I still remember the feel of your cold hands wrapped around my wrists the last time you gathered your courage to confront me and ask all of your questions. Everything around us blurred out—you caught me off guard. You see, I had been trying to avoid your gaze that whole day because I had the feeling this will happen. My gut had felt the ominous vibe the first time I had met your eyes that very morning, four years ago.

I wish I had told you the whole truth during that humbling, baring moment. Remembering how your eyes glossed up as you told me your spill, I really wish I did. I regret not giving back the equal amount of vulnerability and truth that you had given. You had shown me your whole heart, but I had given you not even a quarter of mine.

I wish I hugged you longer. And tighter. But then of course, we cannot go back in time. I just hope you felt the words that I didn't have the courage to say through the brief hug that we did share. I hope you felt my sincerity when I had told you I was very sorry. After having heard your pain and your why's, I was truly the most sorry.

You were so beautiful that day. You looked so neat, your hair was handsomely done, you looked extra tall, you smelled good—and yet there you were in front of me, heart exposed. Looking back, I don't think I deserved your heart.
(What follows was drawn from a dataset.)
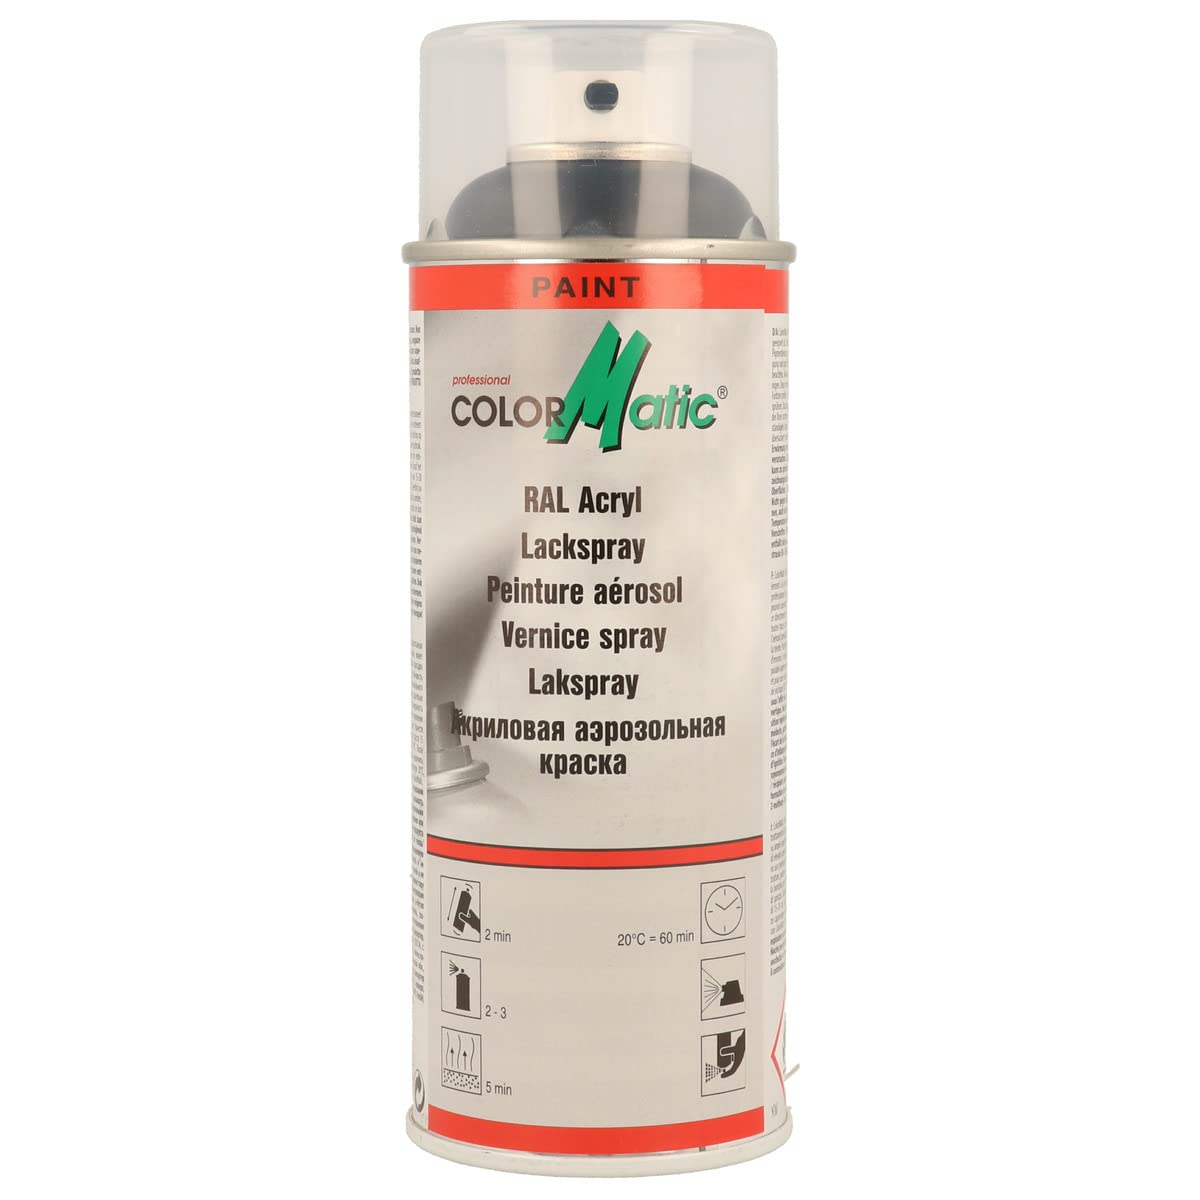 ColorMatic 856655 RAL-Acryl Lackspray RAL 9005 tiefschwarz matt 400 ml von COLORMATIC

The old me wouldn't be able to handle your big heart and the massive love you carry. I was broken, and lost, and misguided. I don't think you deserve any less than you were ready to offer.

When you asked me why I took distance, I made up some last minute lame excuse. I saw your sad-eyed smile and sadness brimmed up my heart. I regret not building up the courage to bare my feelings as well. I regret not entrusting my vulnerability when it had been the perfect chance to.

This might be a little too late to say but I still would like to clear some things up: I did have feelings for you.

——

You are the poetry I write
the emotion that fills this heart,
and I wonder with fear, if without you,
how deadly for my heart it will be so.